There is also the environmental and societal cost of transporting plant matter around the planet for plant-based to even be possible in the winter months, dry/arid climes, or in the far north. If we were to only consume locally produced food that is seasonally appropriate, it is not possible to sustain a purely plant-based diet in many parts of the world.

And of course, as you are already well aware, nutrient bioavailability is an order of magnitude different between plants and animals, ignoring things that plants cannot provide that we require such as vitamin b12, cholesterol, fat soluble vitamins, heme iron, or specific amino acids.

All things considered, a sustainable and regenerative zero carb diet is superior environmentally to what I think your LLM is suggesting, which is veganism.

Btw, if all you're here to do is evangelize veganism, this is the wrong community for you. If you're open to having a sincere, good faith discussion about metabolic health, then you're more than welcome.

ps. it's just a little bit hypocritical to use an LLM, a technology with massive on-going environmental and societal costs, to generate hot air about environmentalism.

[–] Zephyr@sh.itjust.works 2 points 3 days ago* (last edited 3 days ago)

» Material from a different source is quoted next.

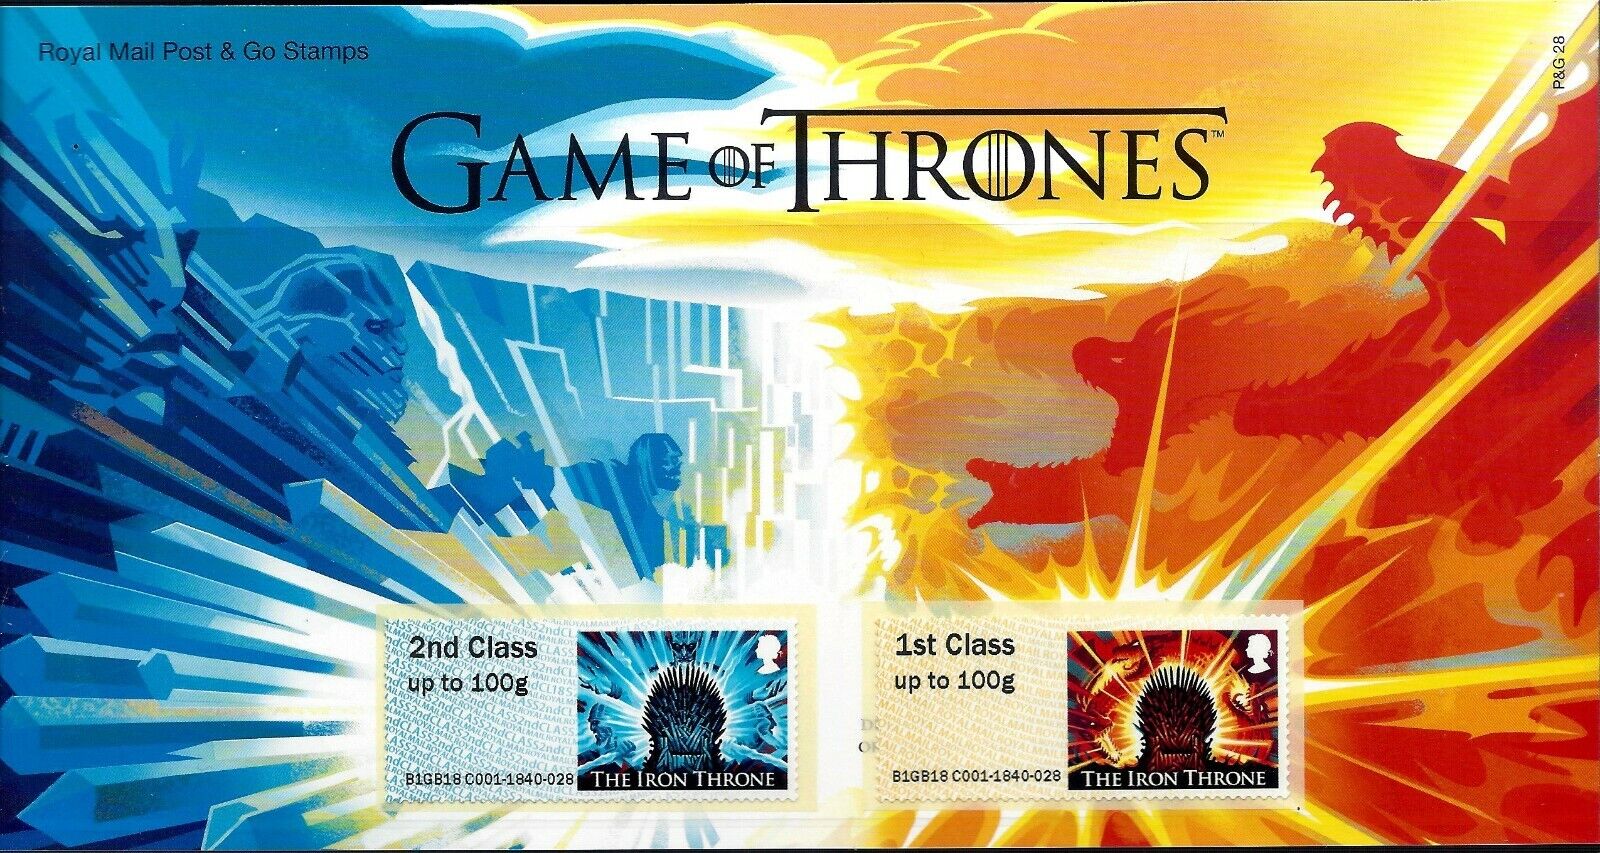 POST & GO 2018 GAME OF THRONES MAIL BY SEA POSTAL MUSEUM WINDSOR
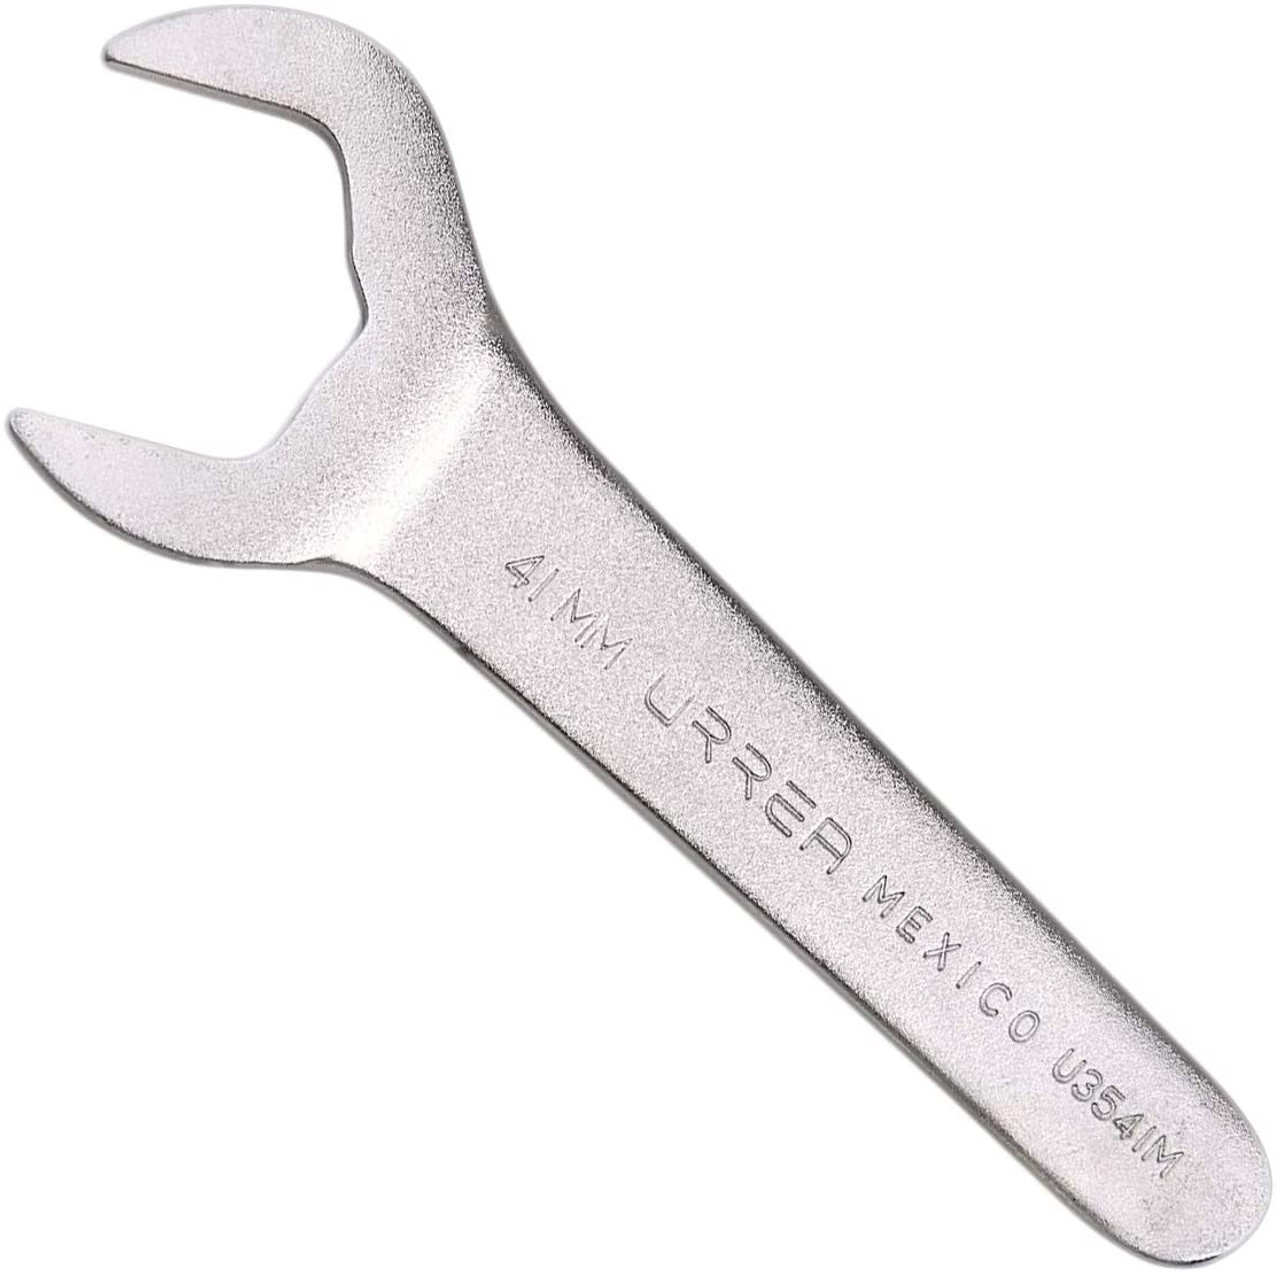 Satin Finish Service wrench, Size: 1-9/16, Total Length: 7-5/8"

I searched like normal, verified the statements in the links and edited it myself. If you have a preferred search engine I should have used I'm open ears. For reference I used duckduckgo. If like others you would prefer a different diction then I can edit the comment to your liking.

I've said myself that crop farming as it is not without issue, particularly circumstances like farming crops that are not well suited to a location or the season and genetic modification to sustain greater uses of pesticides such as roundup. As for transportation, that's an issue for both food sources. Locally grown can be more efficient and environmentally friendly but it's a case by case basis.

Conceptually almost all the energy we consume is coming from the sun, arguably some from geothermal but one could argue the source of that is the sun's gravity helping the earth form. There's also radioactive decay but that's energy from other stars to form those materials. The more steps one takes from an energy source the more loss there will be. Think power generation, converting to AC, transporting, and converting again into DC to charge your phone. There are only small cases where meat production will be locally efficient as a means of waste energy capture. Simply put our demand is far greater than the supply of meat produced in that way. The most efficient and environmentally neutral means of food production for 9 billion people is plant based aka not growing food to feed food to feed people but just growing food to feed people.

That said there's a very fair argument to be made for insect based protein sources and lab grown meat, particularly once the technology matures.